放射線被害の町学び合い 長崎南高生が福島の生徒と交流

東日本大震災や原爆の被害をテーマに交流したふたば未来学園高の生徒(手前右側)と南高の生徒ら=長崎市、県立長崎南高

 長崎市上小島4丁目の県立長崎南高(後藤慶太校長)の2年生236人はこのほど、同校で、2011年の東日本大震災の影響を受けた生徒らが通う福島県立ふたば未来学園高の2年生115人と交流した。互いに放射線被害を受けた町で学ぶ高校生が、震災や原爆の被害などについて意見を交わした。
 両校は当初、海外への修学旅行を計画していたが、新型コロナウイルスの影響で断念。南高側が、震災から10年の節目に「復興の様子を自分の目で見て日本の将来を考えるきっかけをつくりたい」として、7月下旬に未来学園高に提案、交流学習が実現した。

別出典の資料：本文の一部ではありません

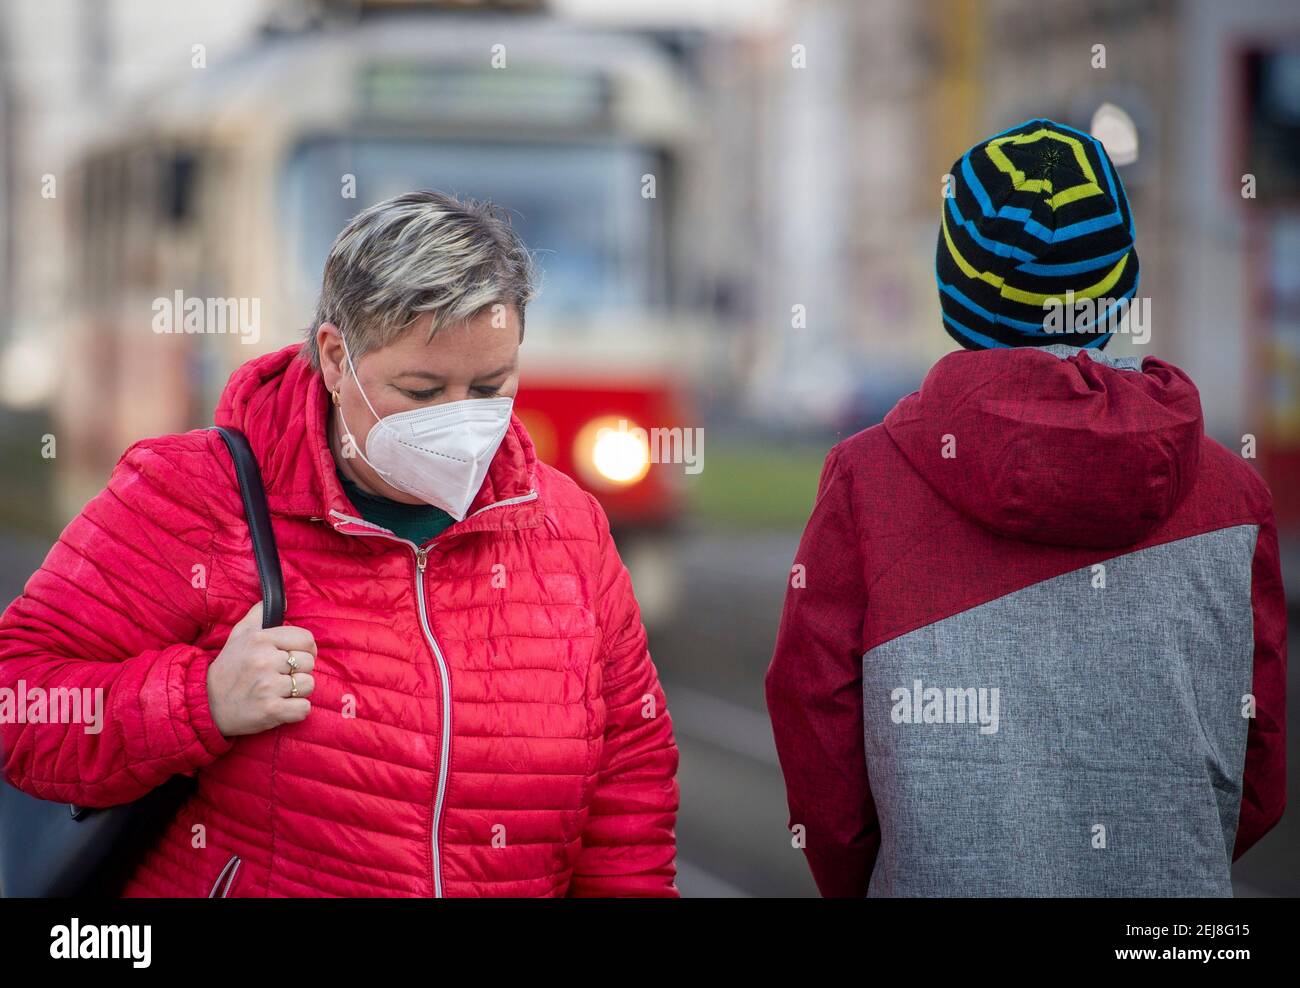 Prague, Czech Republic. 20th Feb, 2021. People with respirators on Saturday, February 20, 2021, in Prague, Czech Republic. Health Ministry orders wearing of respirators, nano masks or two surgical face masks in shops, public transport and other public places from Monday, February 22. Credit: Katerina Sulova/CTK Photo/Alamy Live News Stock Photo

 未来学園高の生徒は、震災や東京電力福島第1原発事故により双葉郡の五つの高校を集約する形で15年に同校が新設されたことや、震災の影響で今もなお手つかずの状態の建物などを、写真を使って説明。南高の生徒は、長崎市出身の作家、故林京子さんの小説で、原爆によって両親を失った女性の心情を描いた「空き缶」を朗読した。
 未来学園高の坂本華凛さん(16)は「原爆被害の悲惨さを感じた。福島も長崎のように復興に向け頑張りたい」と話した。南高の森田羽音さん(16)は「福島と長崎は無関係と思われがちだが、被害を知り感じる悲しさは同じだった。長崎から福島のためにできることをしたい」と語った。
 南高は、来年3月上旬に修学旅行で未来学園高を訪問する予定。双葉郡の復興の様子を未来学園高生徒の案内の下、見学するという。